It was after dinner, in the smoking-room, that our hero found himself in the midst of a party of men hotly discussing politics. The conversation was led by a colonial, who was taking the part of the Government, and a Jingo of the first water, who was as hotly defending the freebooters and rebels.

‘It is no use talking,’ said the latter, who was burdened with the name of Bock; ‘the Boers will ultimately have to go under. They are in the minority; they are illiterate; they are only half civilised! They are Boors, and it is presumptuous to hold that they will continue to rule this country—still less that they will ever rule South Africa! Englishmen are bound to chuck them out in the end.’

‘Anyone can see that you are using the hackneyed arguments of the Jingoistic enemies of the Government, and that you are not speaking from your own knowledge or experience, but from what you have read in Jingo papers. It is true the Boers are illiterate, or the majority of them are; but it is also true that those few who have had the benefit of education have proved that the Afrikander is as capable to learn, and as susceptible to education, as any race in the world. As to civilisation—they are more civilised, as civilisation is taught in the Christian code, than many of their European contemporaries.’

‘If you call Bible reading and psalm singing, civilisation, I won’t argue the matter with you; in any case, they are bound to bend before the English race, sooner or later.’

‘By your faith shall ye be saved!’ interposed Steve.

‘By which you mean, sir?’ inquired Bock.

‘I mean that the Boers do not believe that salvation lies in superior learning, in high civilisation, or in superiority of numbers or arms, but in right and justice and the blessing of God?’

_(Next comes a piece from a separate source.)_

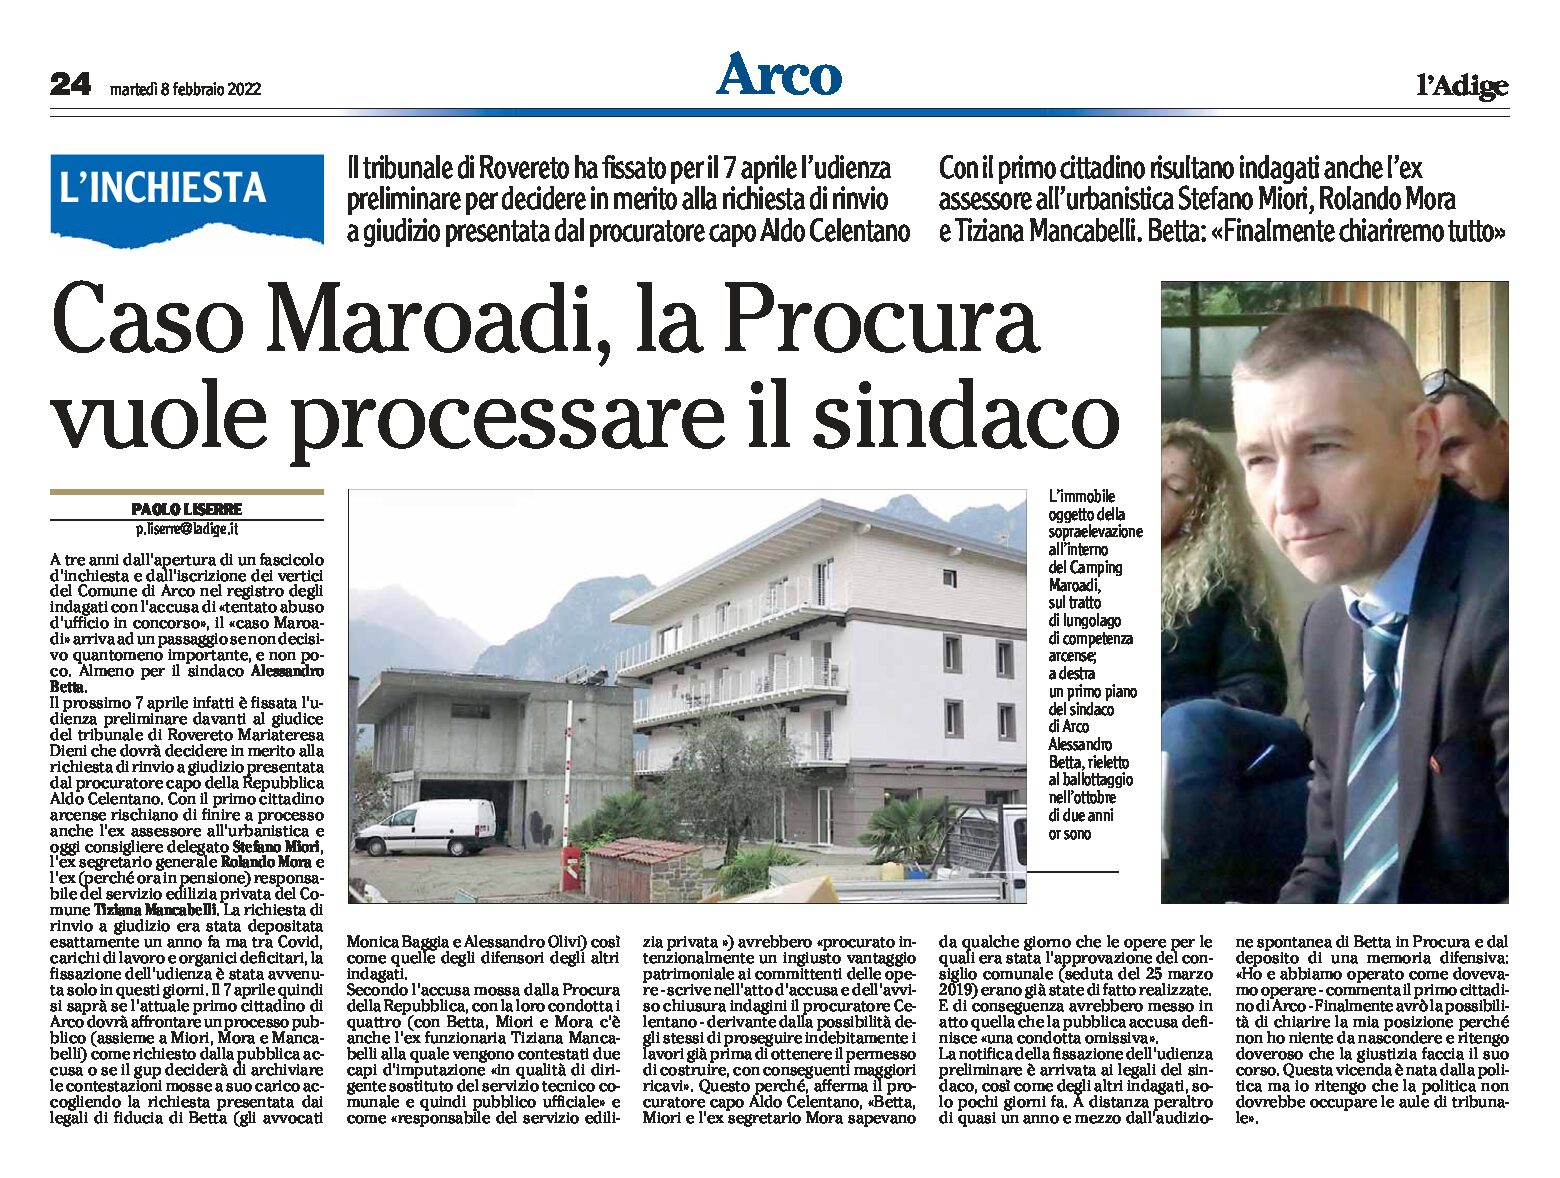 Arco: caso Maroadi, la Procura vuole processare il sindaco

‘Cant!’ was the sneering reply of Bock.

‘You may call it cant if you like. But it was such cant that gave Dingaan and his twelve thousand warriors into the hands of five hundred Boers. It was such cant that enabled the Boers to carry on the war of independence against mighty England to a successful issue. It was such cant that brought the elaborate plots of Rhodes, Jameson and the Johannesburg revolutionists to utter failure. It will be such cant that will make South Africa a free and united Republic, in which all the races of the world shall live free and united! The Boers believe in the efficacy of prayer: they believe that by prayer and through faith they can move mountains, and—England itself.’

‘Bah! do you believe in such nonsense? Do you really believe that you have only to ask God, if God there be, for anything you want, from a needle to an anchor, to receive it?’